*** Opening of Collected data ***

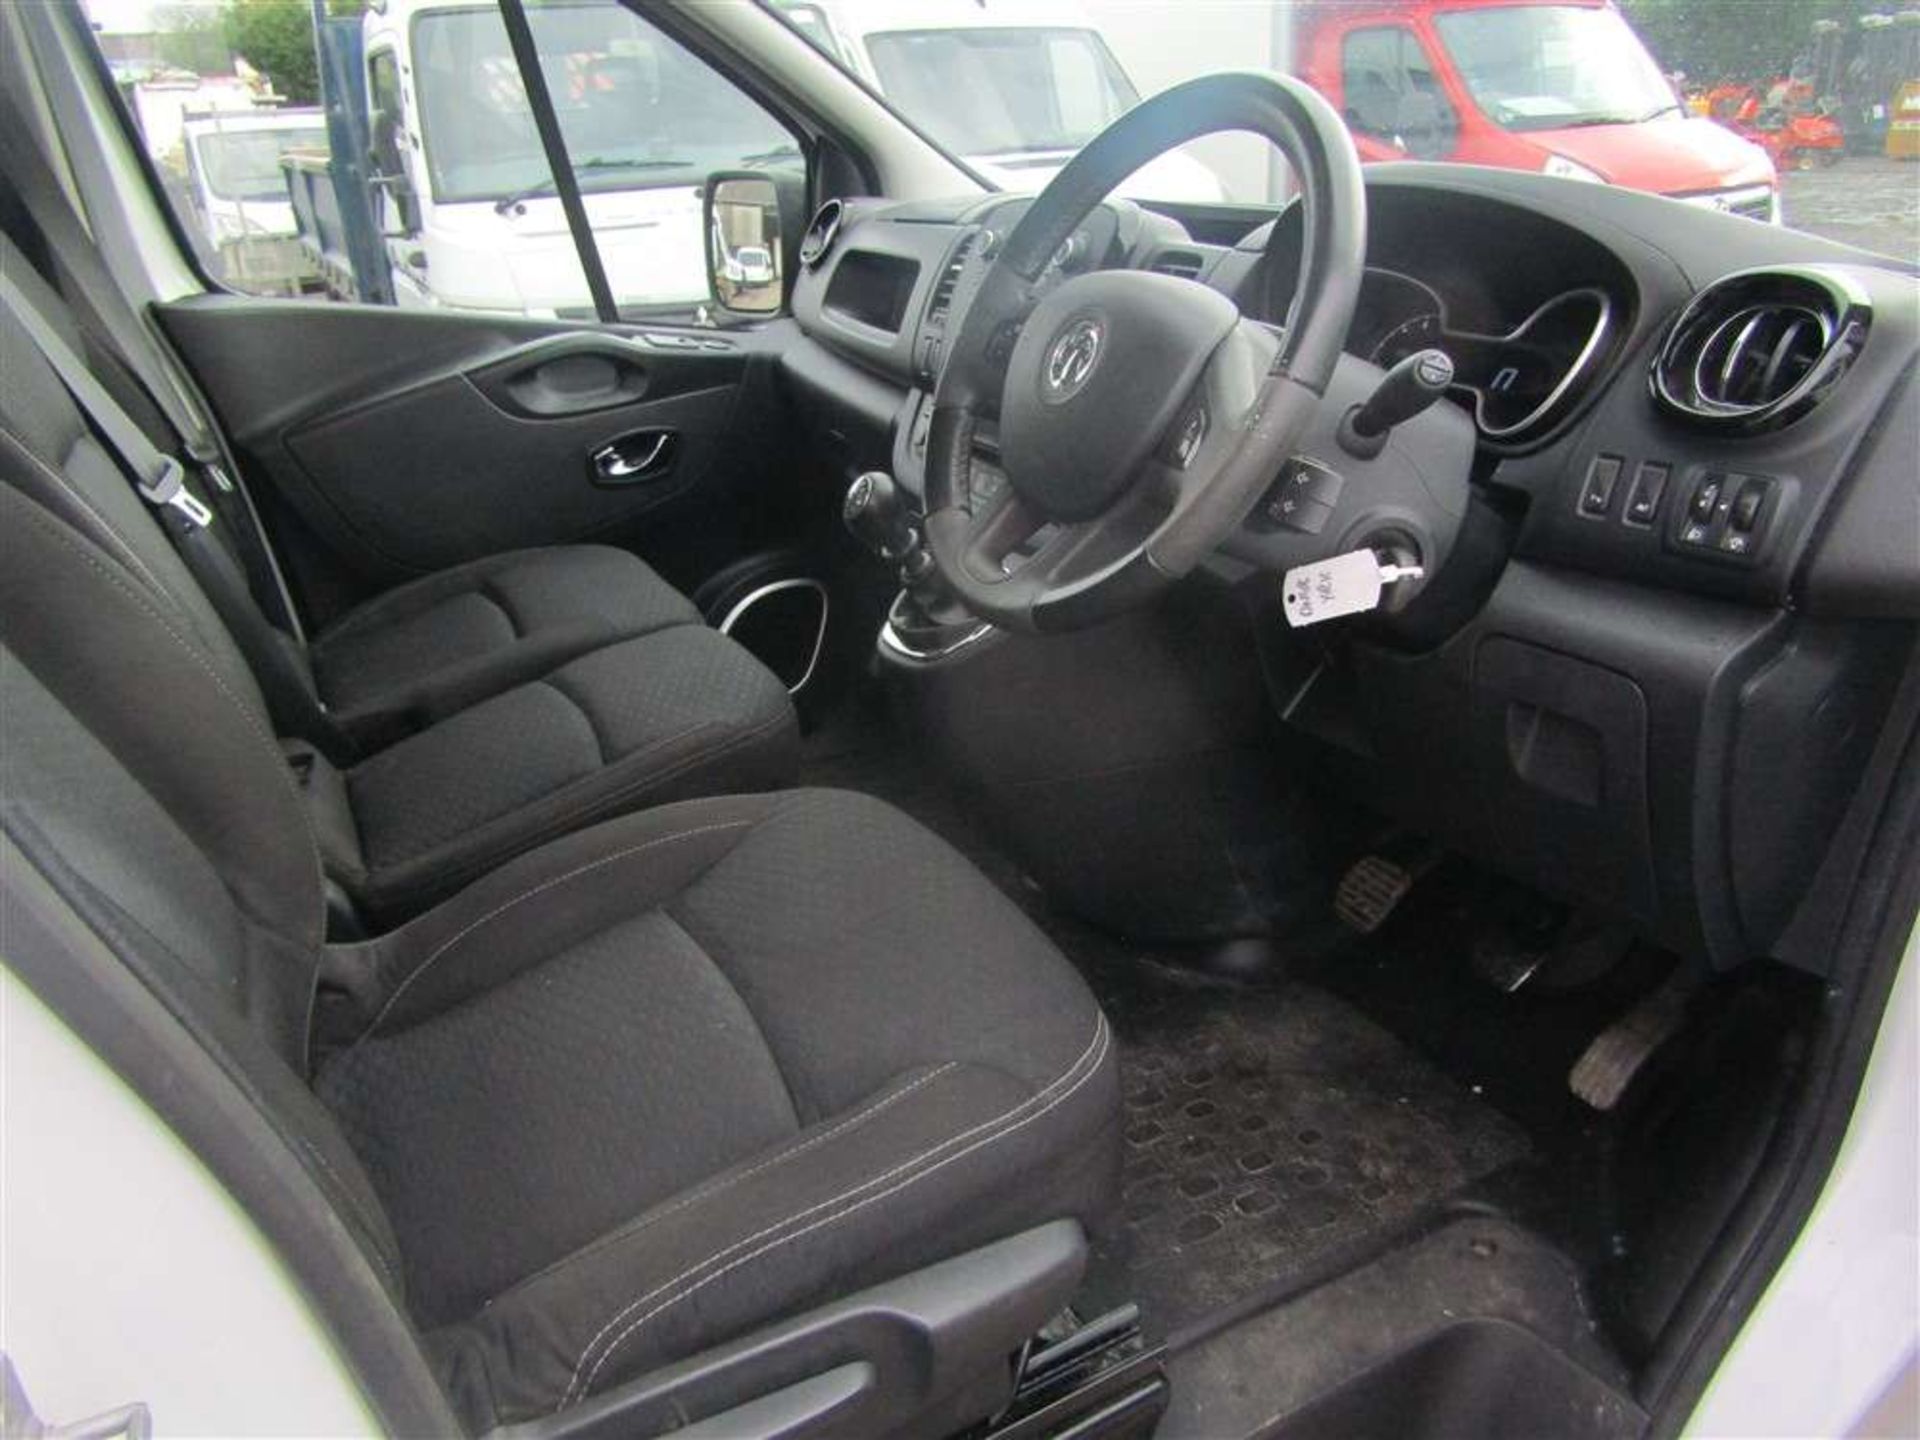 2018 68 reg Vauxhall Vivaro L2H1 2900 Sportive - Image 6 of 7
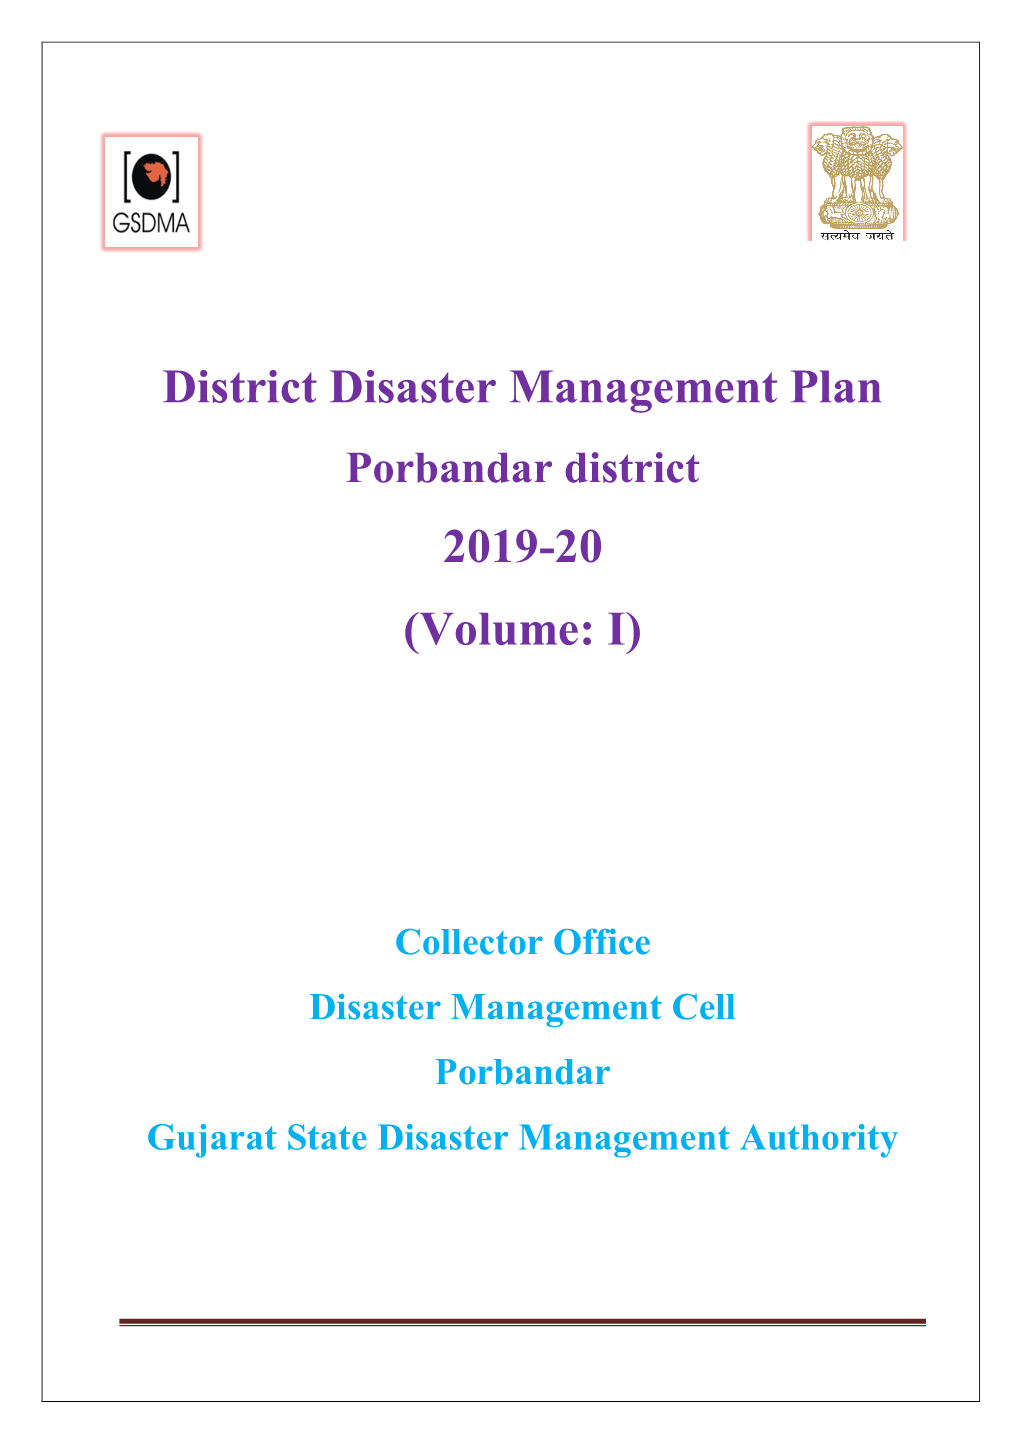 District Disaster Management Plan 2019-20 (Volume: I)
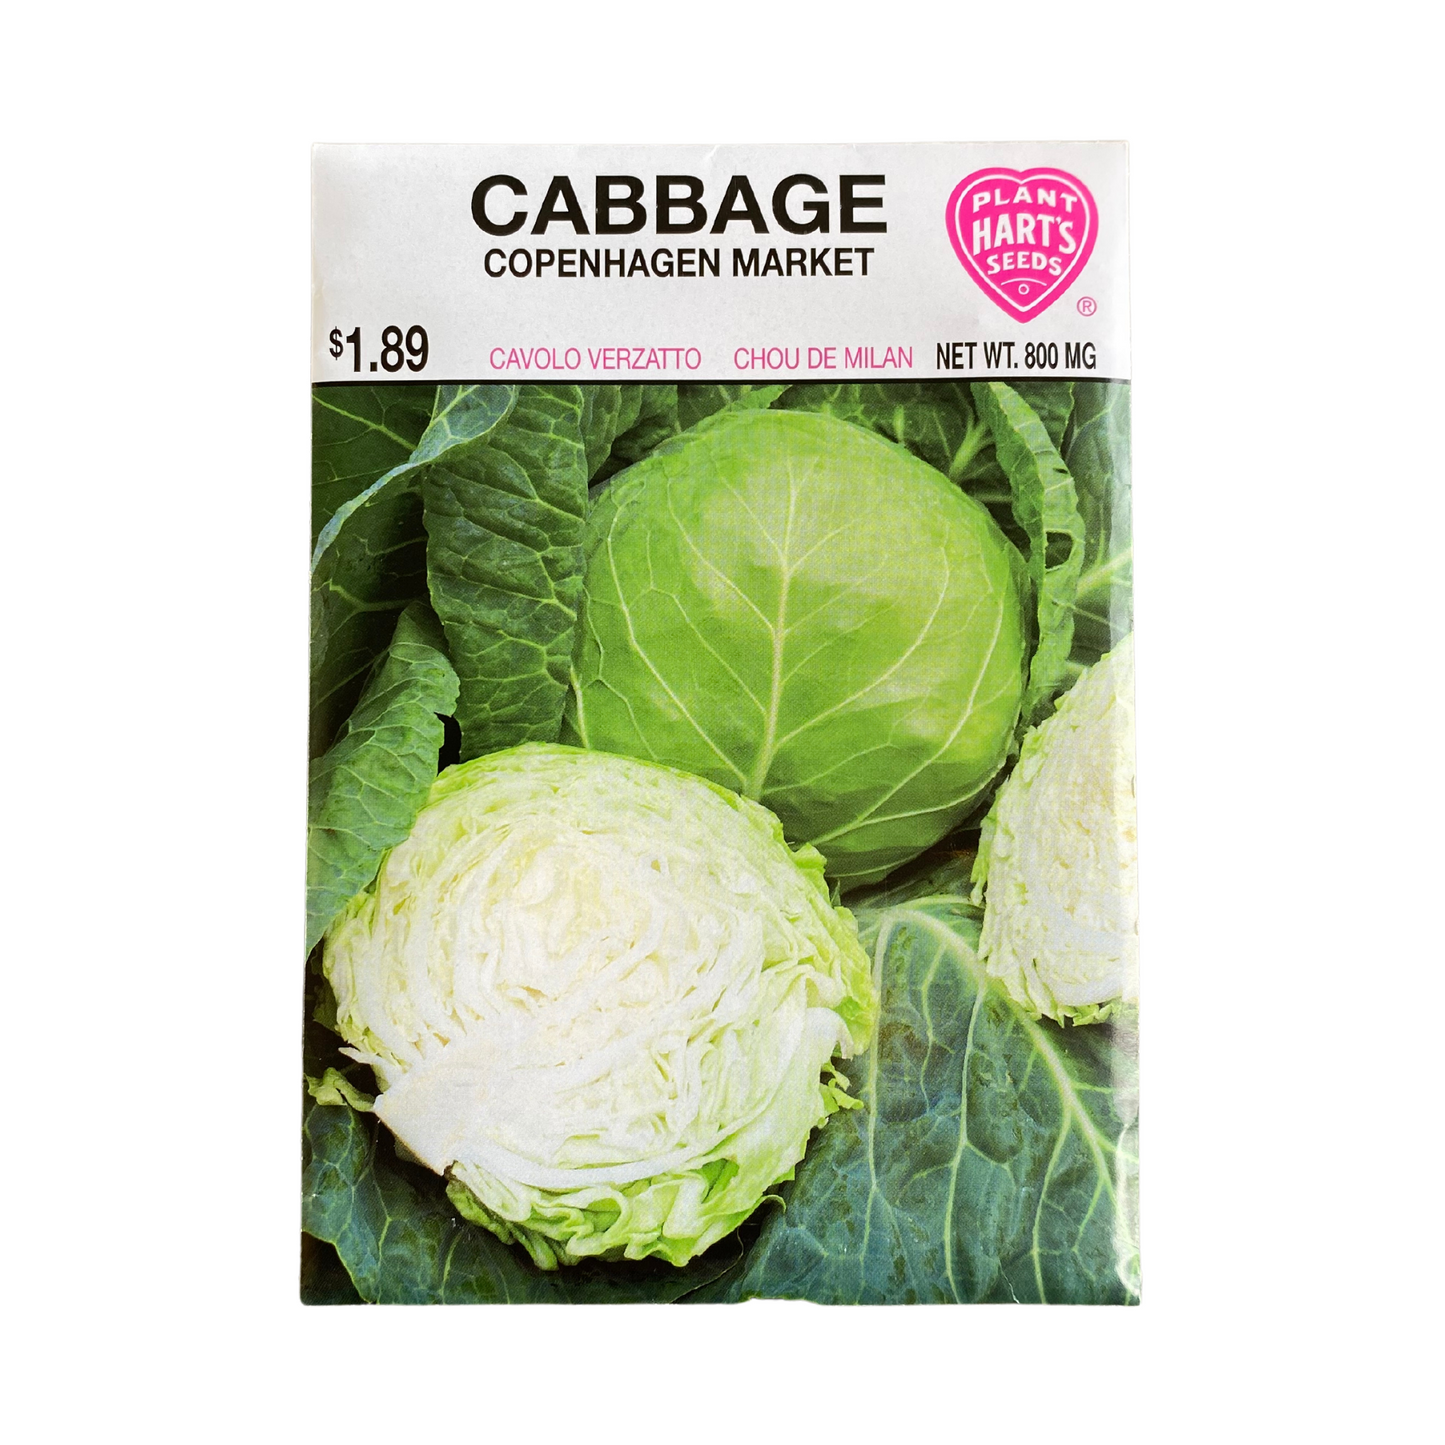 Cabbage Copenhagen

*** Close of Collected data ***

▸ Your task
Where the line containing "District Disaster Management" appears above, start there and set down each line exactly through the last line of the data; leave out every picture.

▸ Finished task
 District Disaster Management Plan 2019-20 (Volume: I)
 Cabbage Copenhagen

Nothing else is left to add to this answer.